Task brief → From the material below, set down exactly the lines that run from the one containing "mois-ss-tabac-maternité.jpg" to the one containing "Brave-Soul-Mens-Plain-Shirt-Short-Sleeved-Slim-Fit thumbnail 11", minus the pictures.

Material to process →
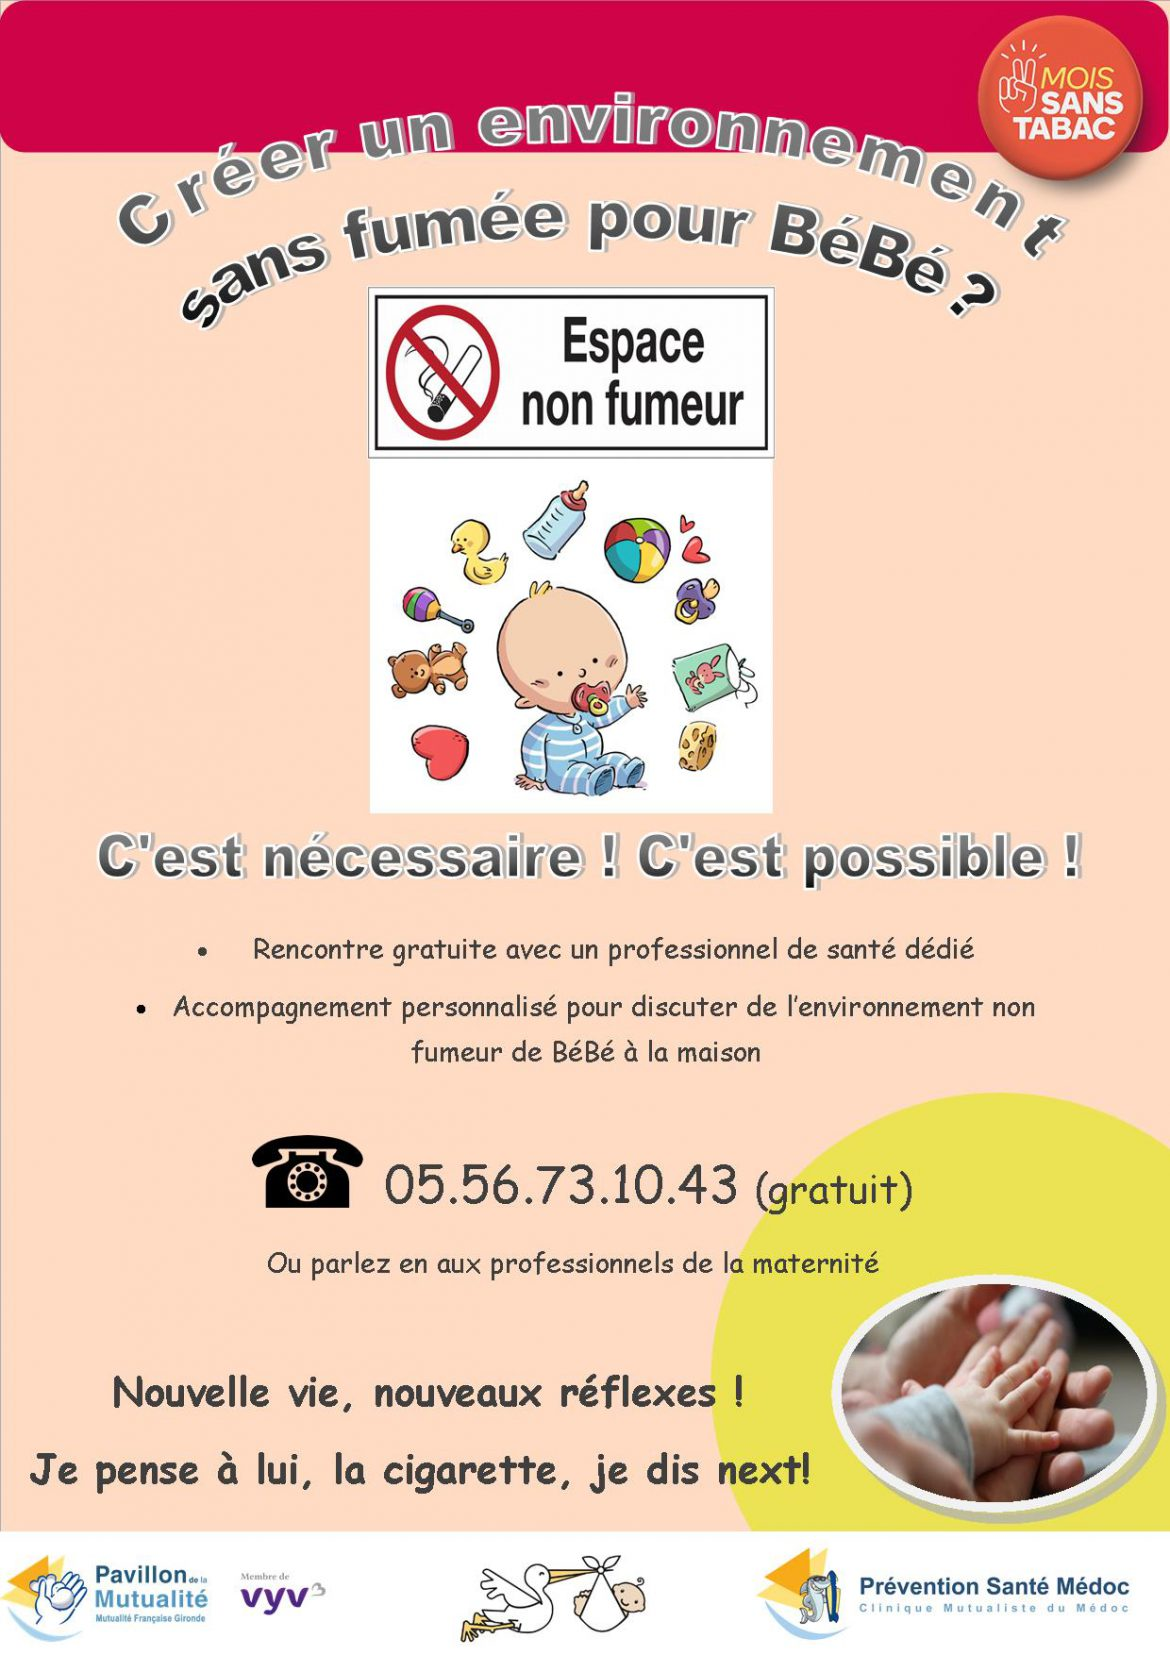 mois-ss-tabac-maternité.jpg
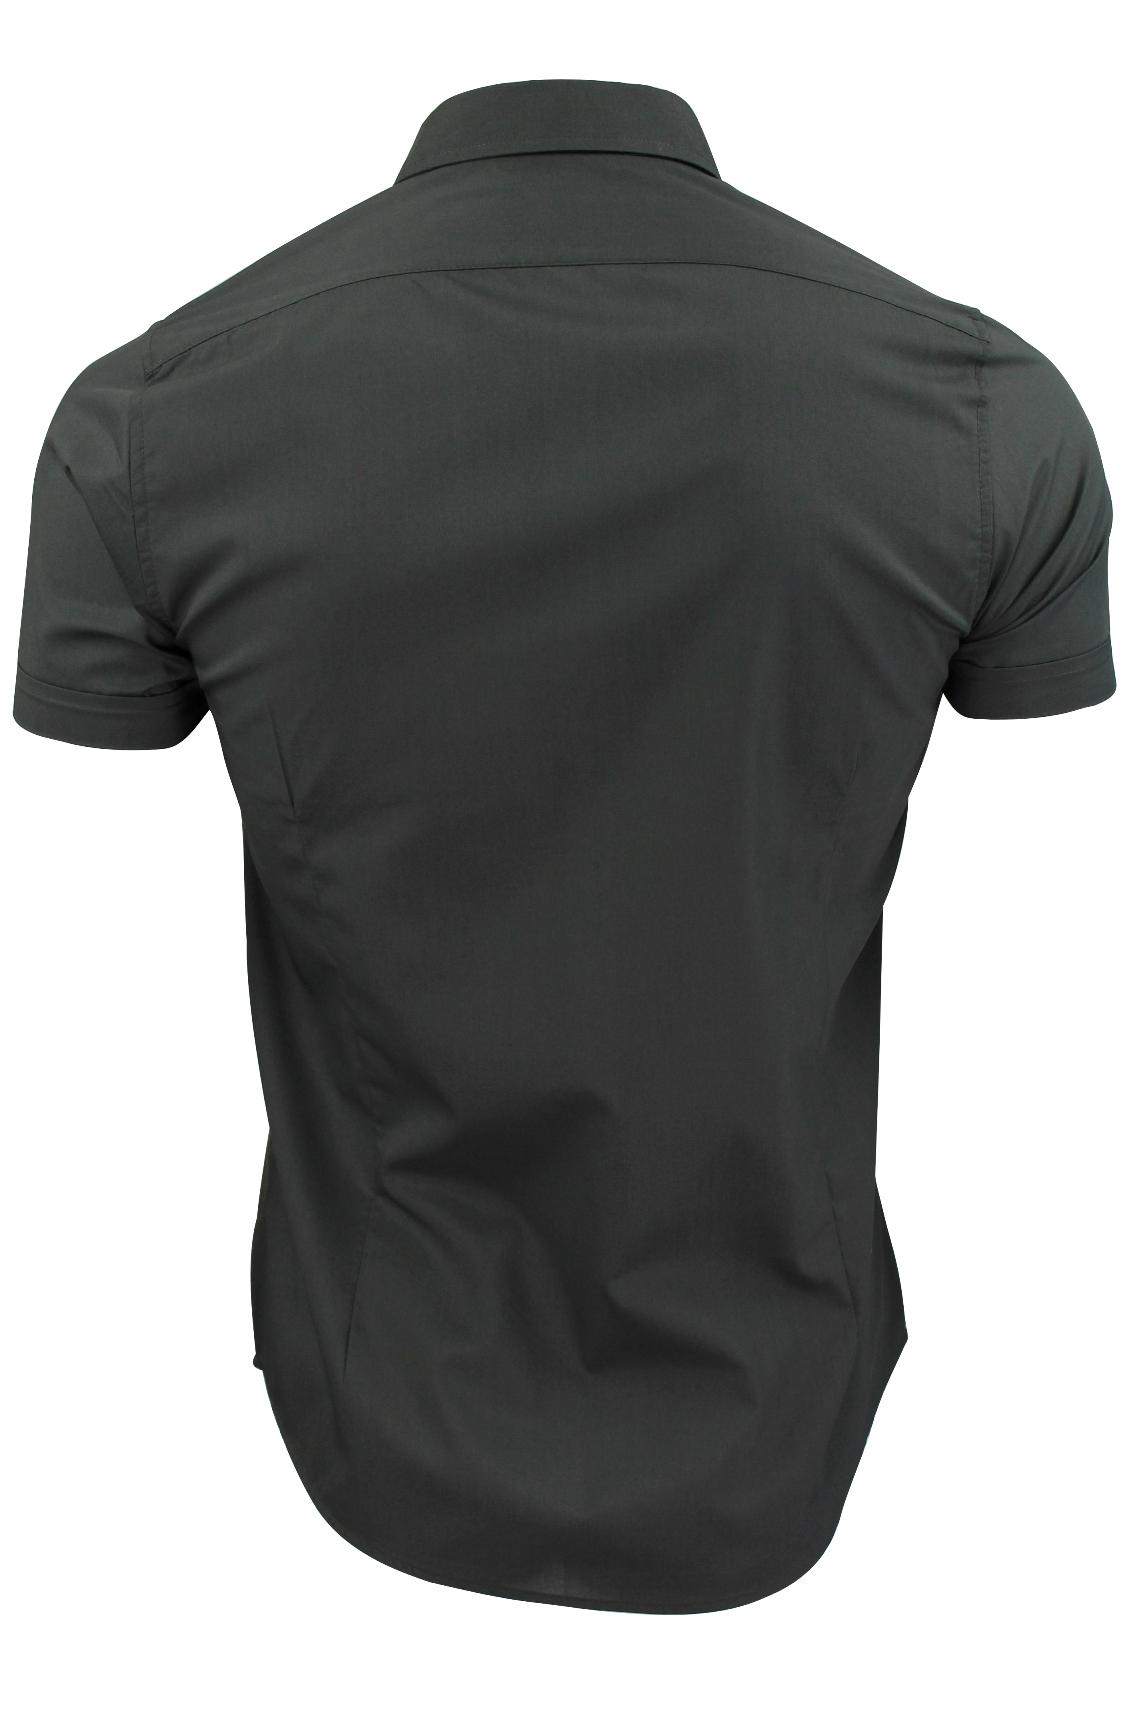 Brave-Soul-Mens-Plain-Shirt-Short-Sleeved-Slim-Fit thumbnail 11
==
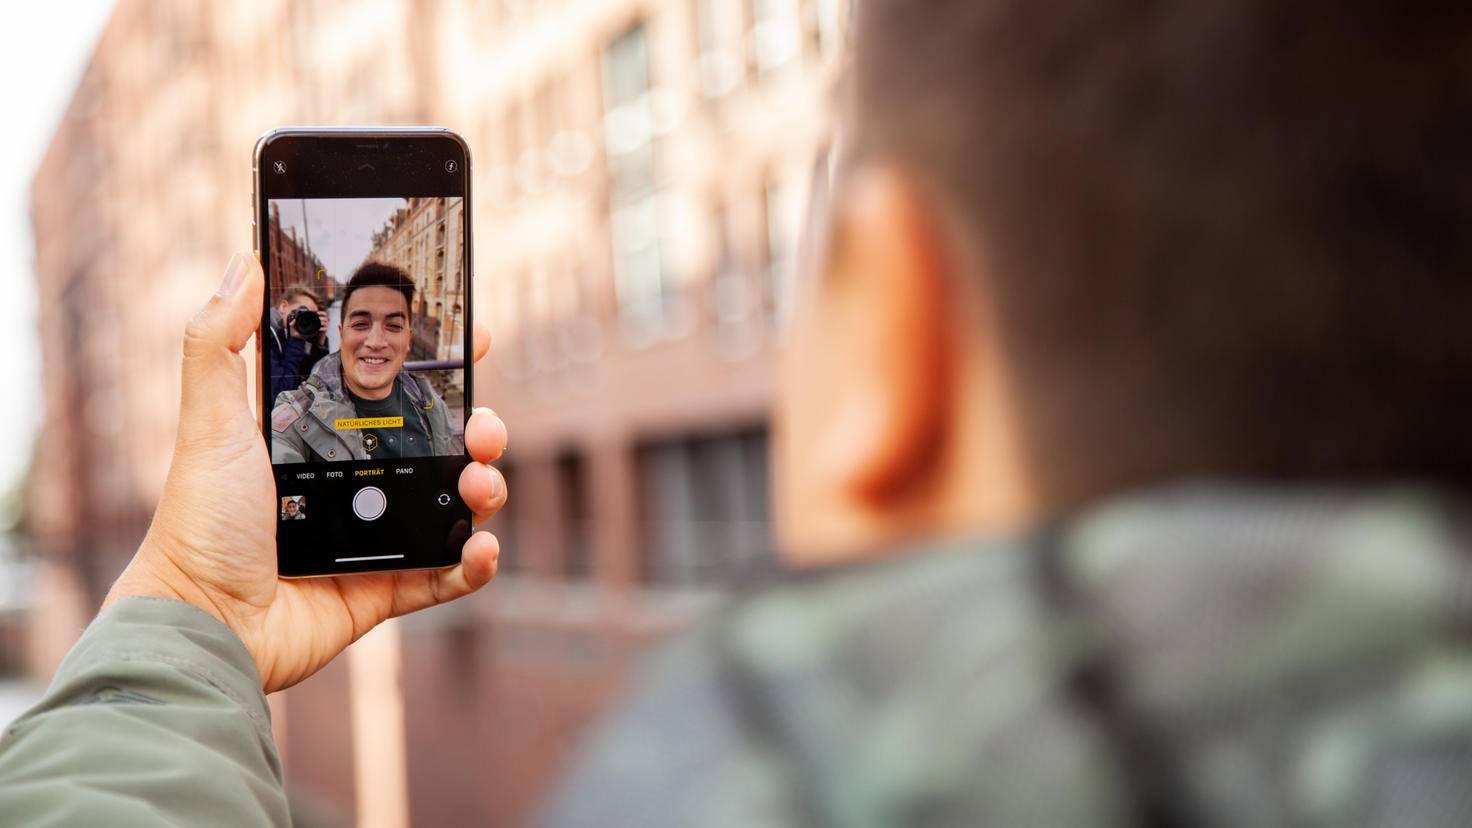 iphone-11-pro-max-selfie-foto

Solved exercise →
 mois-ss-tabac-maternité.jpg
 Brave-Soul-Mens-Plain-Shirt-Short-Sleeved-Slim-Fit thumbnail 11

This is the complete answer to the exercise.